A Book in Review: The Kitchen House

3 out of 5 stars, I liked it

I recently finished reading a book called 'The Kitchen House' by Kathleen Grissom.  My good friend Josette recommended it to me.  At first I was drawn to it, but then I had a dry spell and I found myself not interested in it.  However, on Christmas Eve and Christmas day I pushed forth and finished the book.  There were some good plot turns here and there, but I must say that I was extremely unhappy with the way the book ended.

I had planned out so many ways for the story to go and they just didn't happen.  Ha ha.  I guess I should have written it myself if I wanted that outcome.  If you want a quick read with a different angle:  White Irish immigrant lives/ works with slaves on a plantation, then pick this book up.

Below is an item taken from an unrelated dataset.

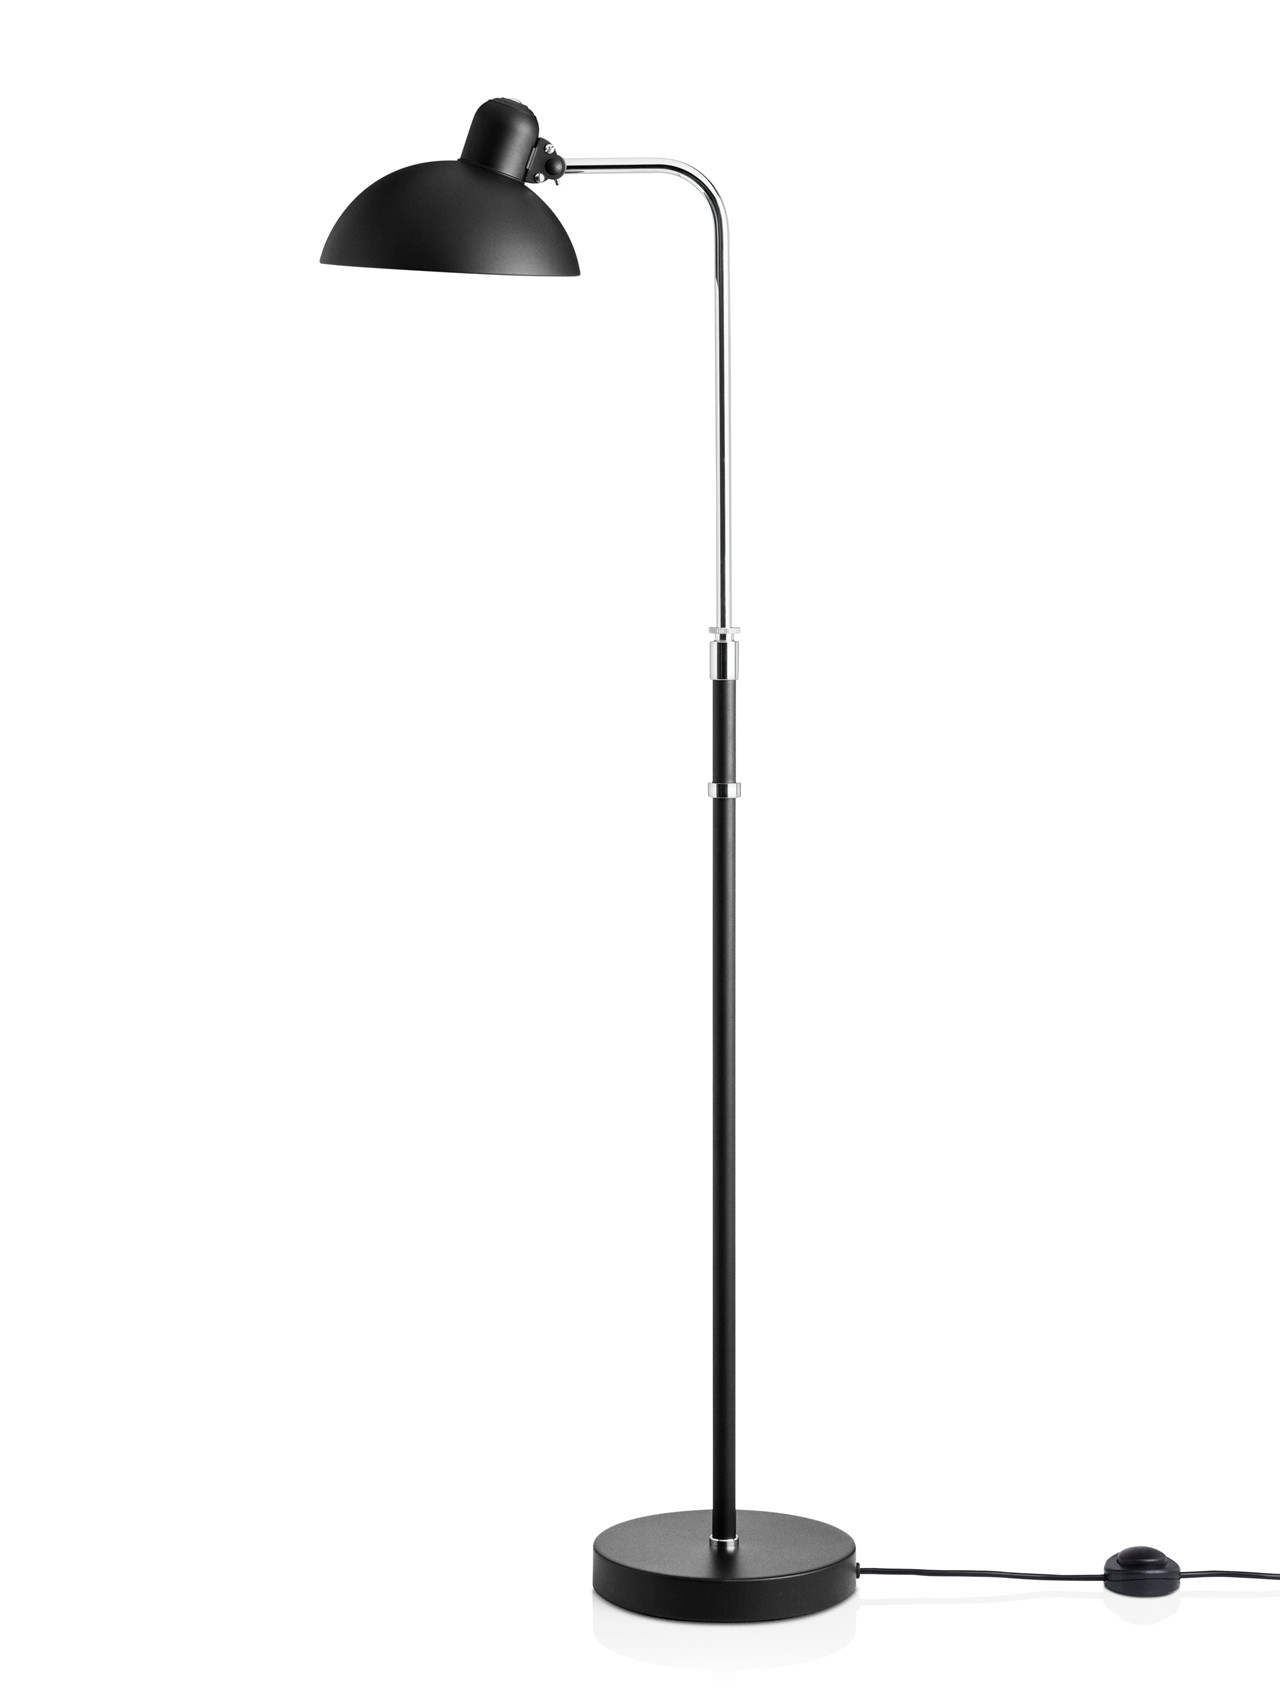 standerlampe design Kaiser Idell standerlampe | Køb Kaiser Idell gulvlamper her standerlampe design

Here is the synopsis on the back of the book:

When a white servant girl violates the order of plantation society, she unleashes a tragedy that exposes the worst and best in the people she has come to call her family.
Orphaned while onboard ship from Ireland, seven-year-old Lavinia arrives on the steps of a tobacco plantation where she is to live and work with the slaves of the kitchen house. Under the care of Belle, the master's illegitimate daughter, Lavinia becomes deeply bonded to her adopted family, though she is set apart from them by her white skin.
Eventually, Lavinia is accepted into the world of the big house, where the master is absent and the mistress battles opium addiction. Lavinia finds herself perilously straddling two very different worlds. When she is forced to make a choice, loyalties are brought into question, dangerous truths are laid bare, and lives are put at risk.
The Kitchen House is a tragic story of page-turning suspense, exploring the meaning of family, where love and loyalty prevail.